True that knowledge is endless but endless knowledge is not the end of all sufferings. Knowledge itself may not always enough for achieving anything for self or society, unless it is guided or implemented by a sound, logical and rational mind. Those, who know the reality and use their knowledge properly in a proper prospective are called wise men, philosophers or statesmen.

A wise king, a statesman or a leader has the sufficient scope and liberty to use his knowledge abundantly to achieve the real object for the benefit of the society at large. They have excuses for risk. It is also their primary duty to promote new ideas for the welfare of the society. But it is always difficult for a common man tied by a system to implement his ideas. Most of our critics are also hypocrites. They are making more confusion and chaos even without venturing into the preface of the issue. We should realize the situation and to adopt the best. We should not have any propaganda rather a mindset of acceptance.

I intend to say that knowledge and ideas may be the paramount considerations in each and every case but if those find pragmatic support from the system, they can do a miracle to a large number of people integrated and involved with the same.2 I have spent twenty years in judiciary. We have brilliant officers serving around the state. They are full of knowledge and hard working. They are doing their best to meet the needs and expectations of the litigants and sufferers of the society. But Indian judiciary is always blamed for its snail pace.

It has been proved since independence that the courts are not able to dispose of cases in time and almost all courts are sitting over the hills of cases finding them completely helpless. Gradually a large number of people are reluctant to approach the court and searching for unethical alternatives. This is certainly not a good sign for the society. The cause is that there are various obstacles not yet been overtaken, making the justice delivery system handicapped.

Delayed justice is the biggest cause of prevalent corruption in the country. Our nation is suffering unfathomable loss on ethical and moral point of view because of delay in disposing of cases. It is obvious to say that inordinate and unnecessary delay defeats the ends of justice.

It is well said by the Hon'ble C.J of India, Shri AS Anand that:
"The consumers of justice want unpolluted, expeditious and inexpensive justice. In its absence, instead of taking recourse of law, he may be tempted to take law in his own hands. This is what the judicial system must guard against, so that people do not take recourse to extra-judicial methods to settle their own scores and seek redress of their grievances".

The Hon'ble Apex courts through its various judgments observed that 'right to speedy trial is an inalienable right under Article 21 of the Indian Constitution' Unfortunately, the most important cause of delay is Judge-3 citizen ratio, vacancies of judges and deficient number of courts. The law commission in its 254 th report urged the establishment of additional courts for speedy disposal of cases.
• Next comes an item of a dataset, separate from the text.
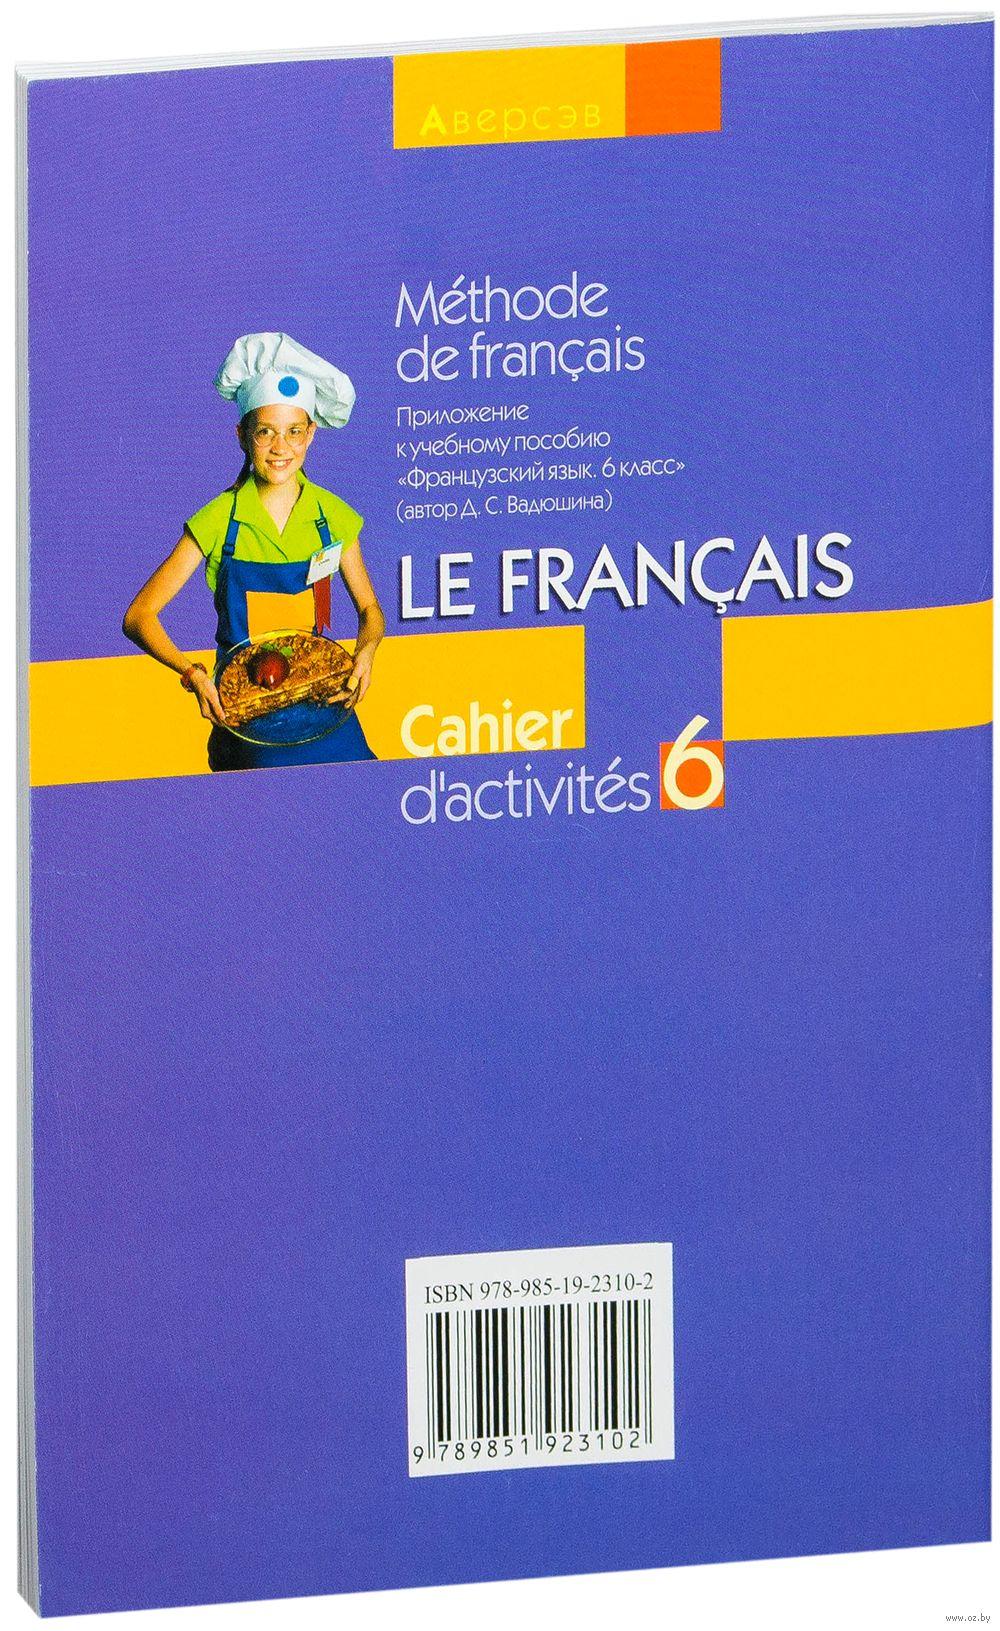 французский язык гдз вадюшина 9 класс

But I am concerned with the practical problem. After so many experiments, it can now be inferred that the prevailing system is not either practical or we are just overlooking the real problems in it and still doing experiments on fallacious stuffs. The result is little smokey and finally blemish.

After experiencing many years in judiciary, I am sure and confident that the major problem in disposal of criminal cases is non execution of summons and warrants. Most of the cases in each and every court are waiting for years together either for attendance of the witnesses or accused persons. It is also true that there is whimsical and rapid turning up of witnesses and accused persons where the parties have entered in to a compromise.

Those cases are very attractive for each court. Disposal of all these types of cases at no cost shall achieve the real objects or provide an absolute assurance to the backlogs which have already been obsolete. Disposal of a year old case, if any, does not provide justice. It may only be considered as a statistical disposal of a pending file. It is not only highly prejudicial for both the parties but also shameful for the justice delivery system. Just imagine, if a person in a case detained inside the custody for eight to ten years as an under-trial prisoner and after conclusion of trial he was acquitted, who will compensate him for loss of those years from his life and his family for so many things.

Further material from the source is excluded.